Yes, you read that right. A Boston-area buyer pulling down the median paycheck - $67,540 - can afford to spend up to $332,000 on a home, Trulia insists.
The online real estate site offered up this estimate in a recently released middle class housing report.
But local homeowners and renters slammed Trulia's numbers on the comment board of this blog, arguing that its figures made no sense in the real world of living paycheck to paycheck.
"Those Trulia figures are nuts. You CANNOT reasonably afford to buy a house which is 5x your annual income," wrote nolongerthirty.
I asked Trulia's media team and chief economist Jed Kolko for a response and in turn received this detailed missive from spokeswoman Korina Buhler.

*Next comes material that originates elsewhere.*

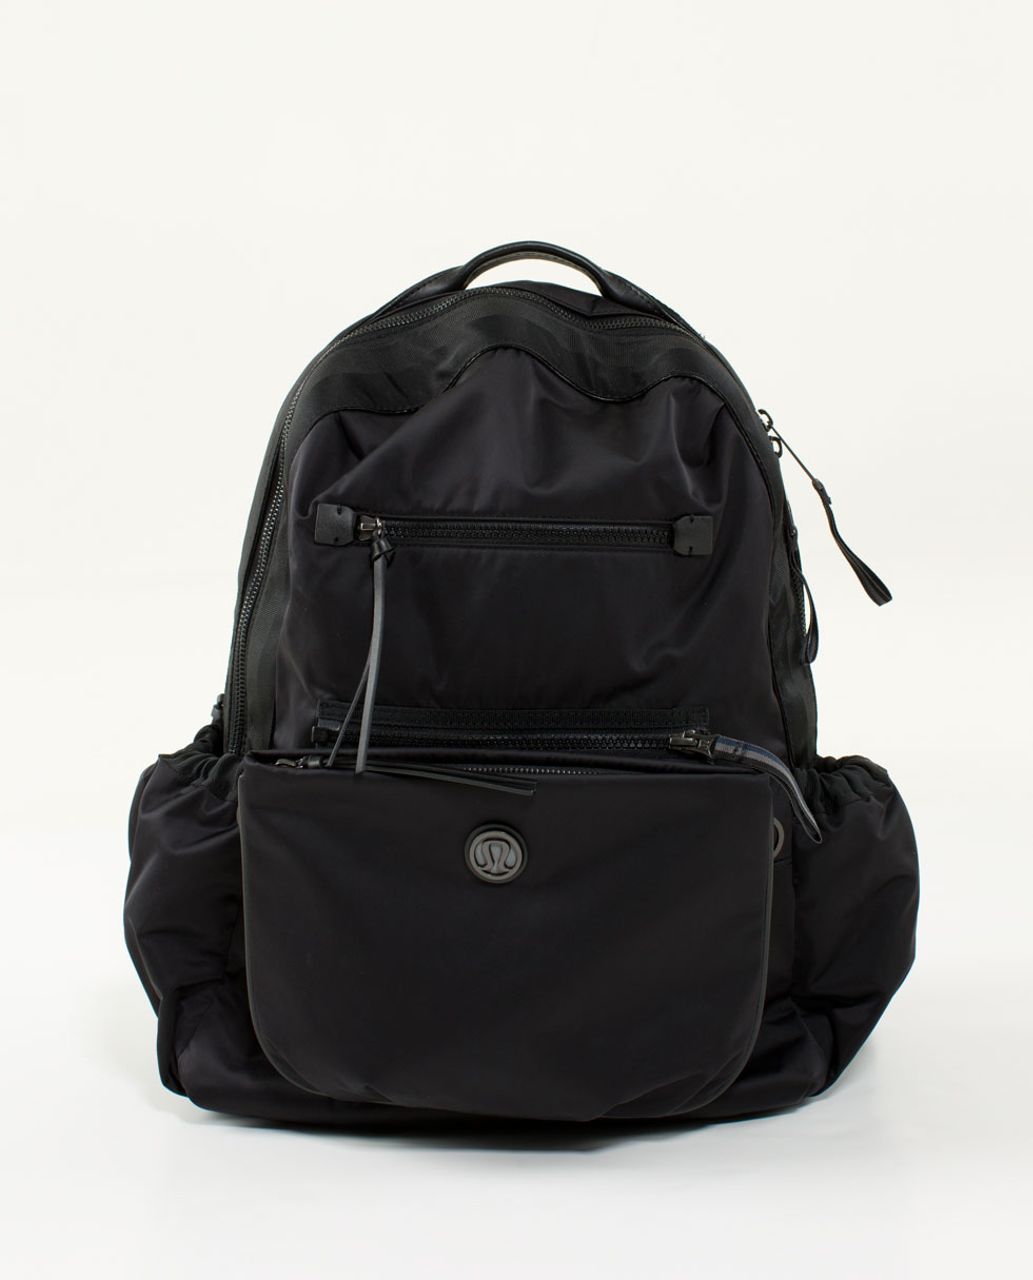 Lululemon Back To Class Backpack - Black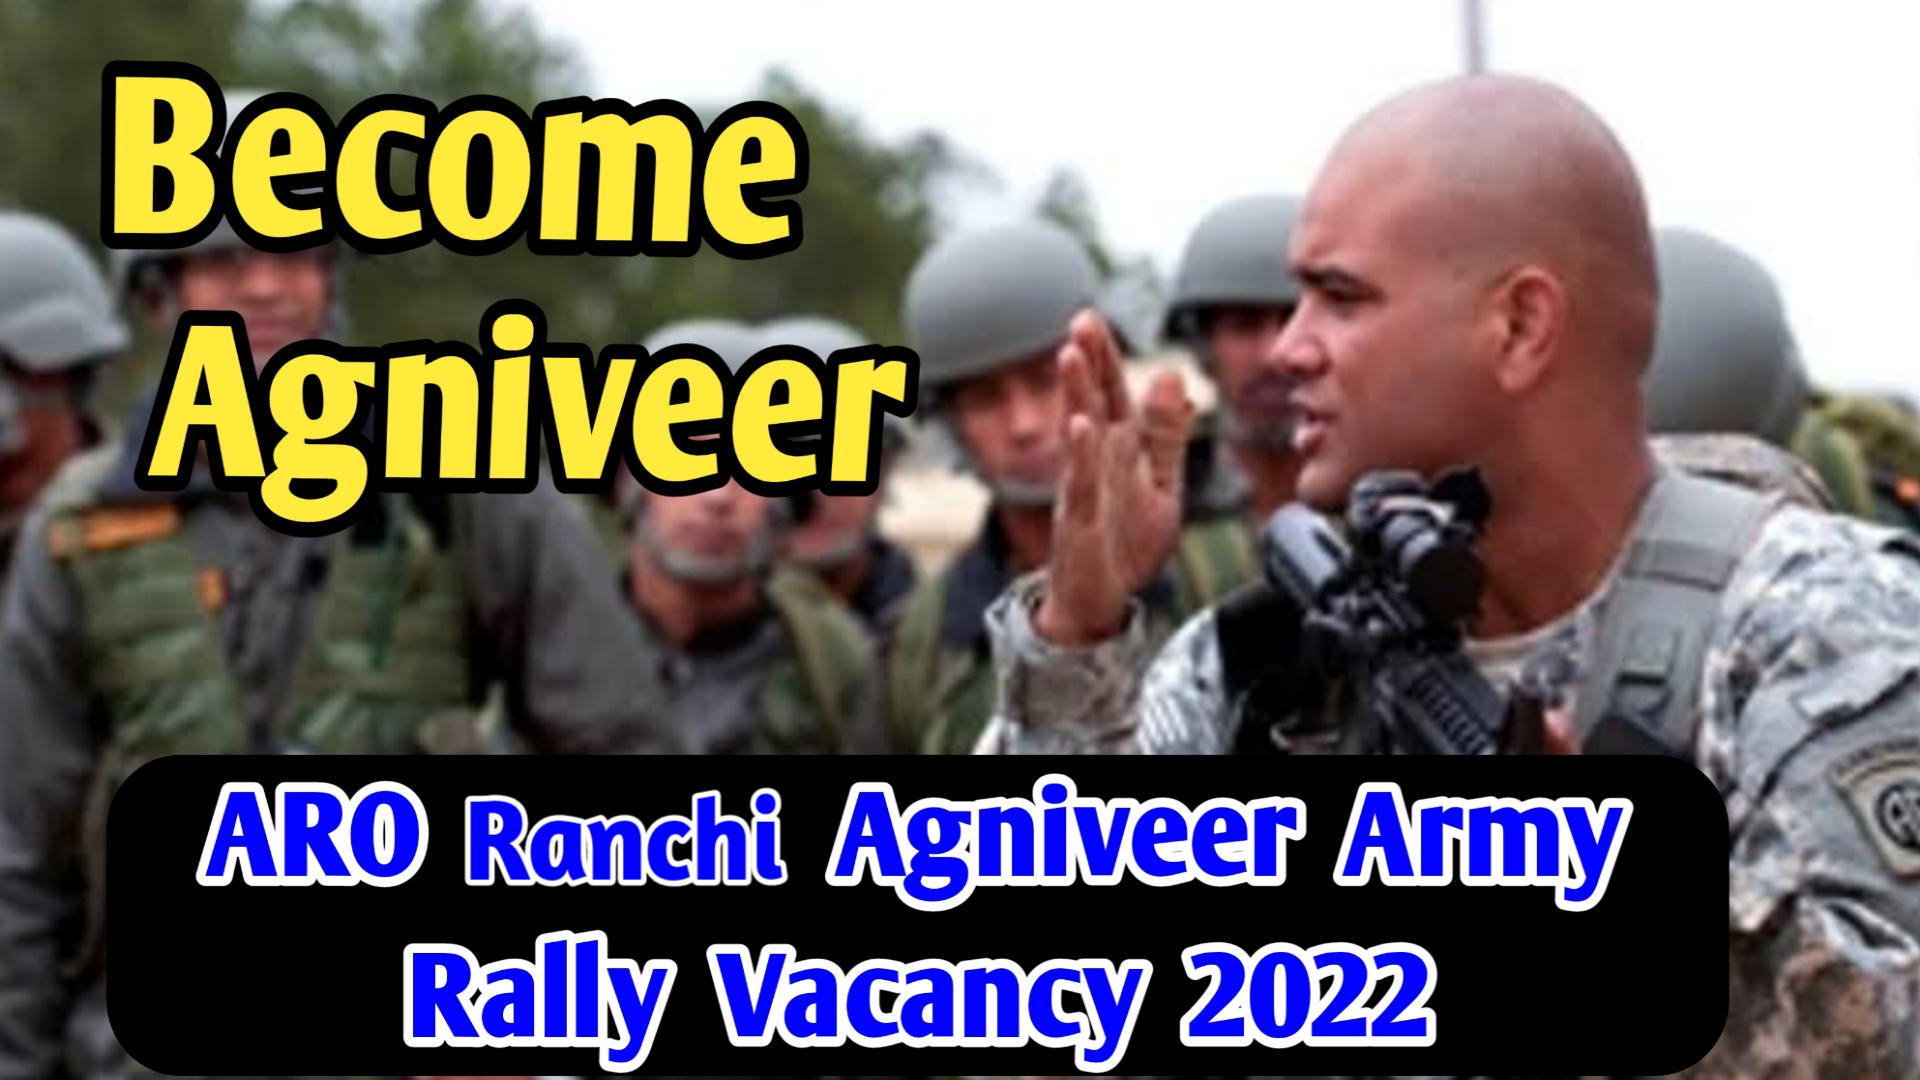 ARO Ranchi Agniveer Army Rally Vacancy 2022

According to Jed, affordability is based on whether the total monthly payment - mortgage, insurance, and property taxes - is less than 31% of the metro area's median household income. The total monthly payment includes the mortgage payment assuming a 4.4% 30-year fixed rate mortgage (3.6% for the 2013 comparison) with 20% down, property taxes for that metro, and insurance. We chose 31% of income as the affordability cutoff to be consistent with government guidelines for affordability; both the Federal Housing Administration and the Home Affordable Modification Program use 31% of pre-tax income going toward monthly housing payments for assessing whether a home is within reach for a borrower.
Going through the example for the Boston metro:
The monthly mortgage payment for an 80% loan on a $332,000 home (that's a $265,600 loan), with a 30-year fixed rate loan of 4.4%, would be $1330 per month, or $15,960 per year. We estimate property taxes and insurance ? based on metro-level property tax averages and a national estimate for insurance ? to be roughly $5,000 annually for a $332,000 home. The total annual cost of mortgage payments, property taxes, and insurance would be $20,940 for this home - which is 31% of the median household income of $67,540.
OK, let's get real here. While the numbers line up in theory, trying to swing the mortgage on a $332,000 home while making $67,000 a year still sounds like quite a stretch for most buyers out there.
First, as Trulia notes, the affordability of that $332,000 house is based on Joe median buyer having managed to save up a 20 percent down payment.
That amounts to $66,000 - a whole year's pay. Unless Joe or Suzie median plan on mooching off their parents for a decade, or living at a campground, it's going to be nearly impossible to save up that kind of cash.
Second, better forget about having kids - day care costs will run you several hundred to a couple thousand dollars a month, depending on how many little ones you have. No, not everyone has cheap grandparent labor to rely on.
And better not have any college loans!
If you are single or a couple with no kids - and somehow managed to land the rental deal of the century in one of the country's most expensive apartment markets that allows you to stash away large amounts of cash - then maybe that $332,000 home is affordable on the median income.
But really, who is Trulia - or for that matter the feds who set the affordability standards - really kidding here?